An unknown individual generated 21,877 Sybil wallets, a token and even launched a DEX just to fake on-chain activity.

An individual has made a whole ecosystem with its own token, wallets, and even launched a decentralized exchange (DEX) just to fake on-chain activity.

According to a DeFi analyst @lingland09, the individual funded 21,877 Sybil wallets with very small amounts of ether (ETH) and then deployed a smart contract for a token dubbed gemstone (GEM). Later, the coder developed a personal non-open sourced DEX “just for indirectly applying transactions between his wallets,” @lingland09 explained.

Fake on-chain activity with GEM tokens done by the coder through a personal DEX | Source: X

Once the exchange was up and running, the individual added liquidity to GEM tokens with 80 ETH to make the artificial token valuable.

“Then he swapped $gem tokens that he claimed from 21877 wallets at gem/eth pair and gained 0.6-0.7 eth value of profit.”

@lingland09

To automate the whole process, the coder made a trading bot, generating ten transactions with $10,000 in volume on zkSync Era network. Although the reason behind the activity remains unclear, @lingland09 suggests the coder is a “professional airdrop hunter” who might be faking activity on the zkSync Era network to prepare for a possible airdrop.

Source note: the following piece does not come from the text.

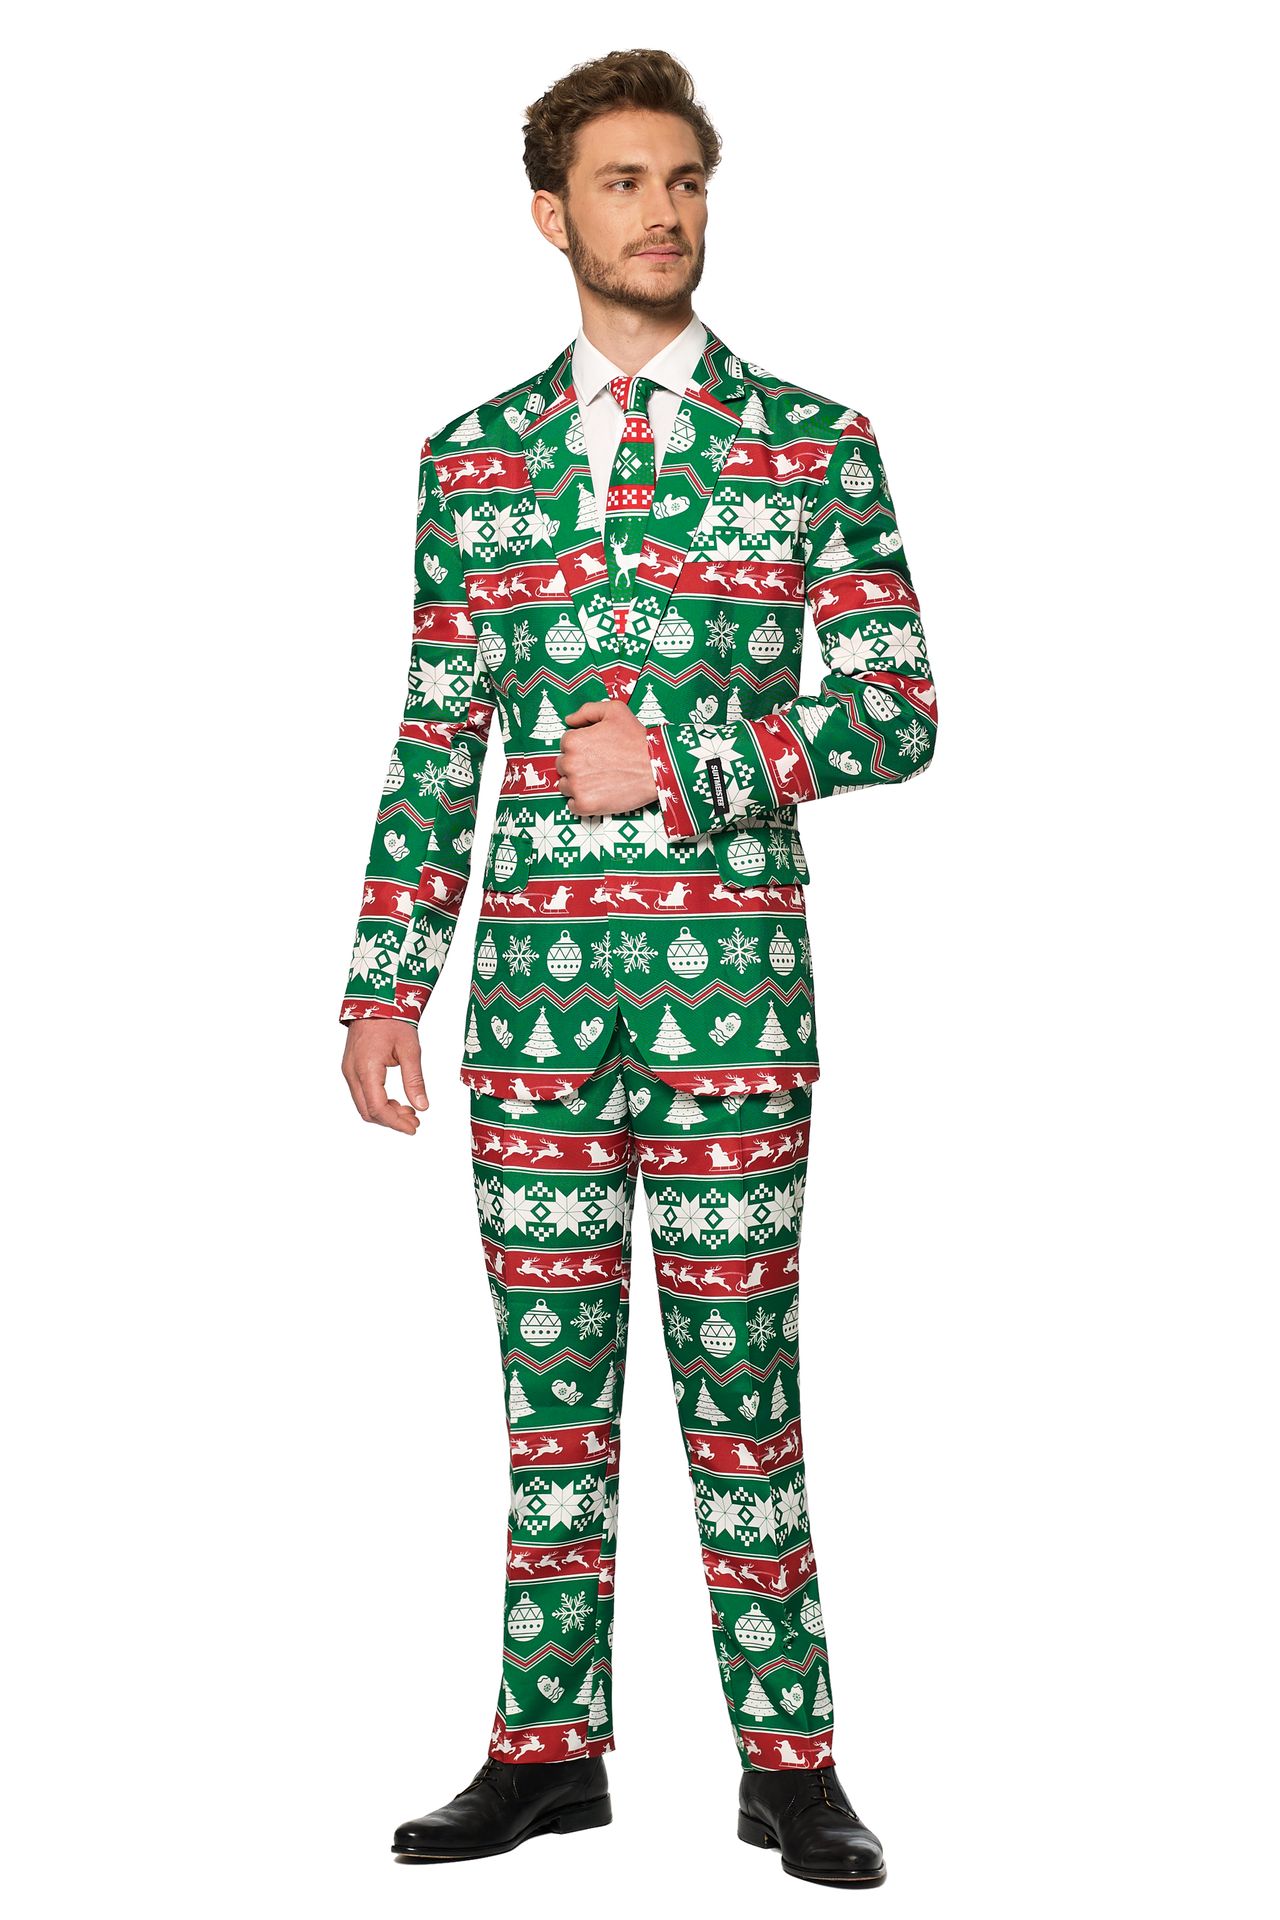 Groene kerstmis Suitmeister kostuum
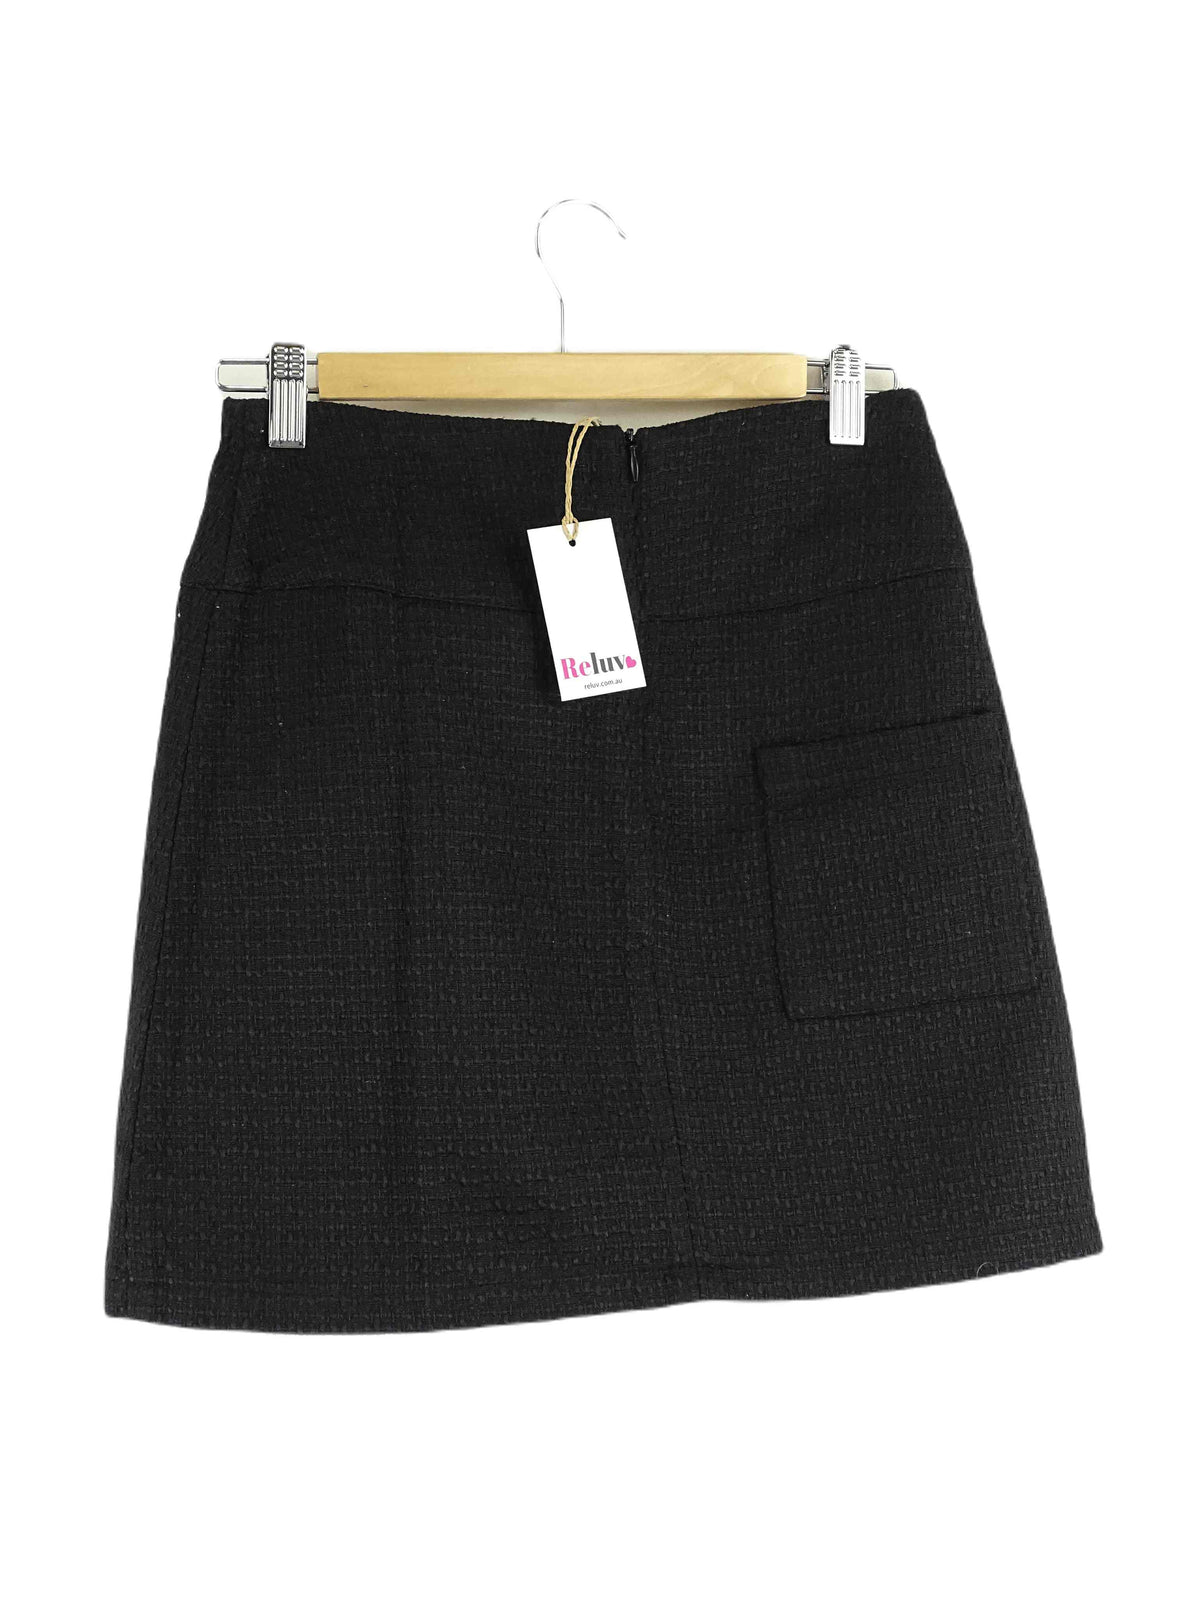 Belle &amp; Bloom Black Woven Skirt S

In March 2023, crypto.news reported that Arbitrum’s airdrop for its governance token, ARB, faced significant Sybil activity, exacerbated by what experts call “ineffective” detection rules. A crypto security researcher, X-explore, found that Arbitrum’s Sybil detection rules had flaws, exploited by almost 280,000 same-person and over 148,000 Sybil airdrop addresses.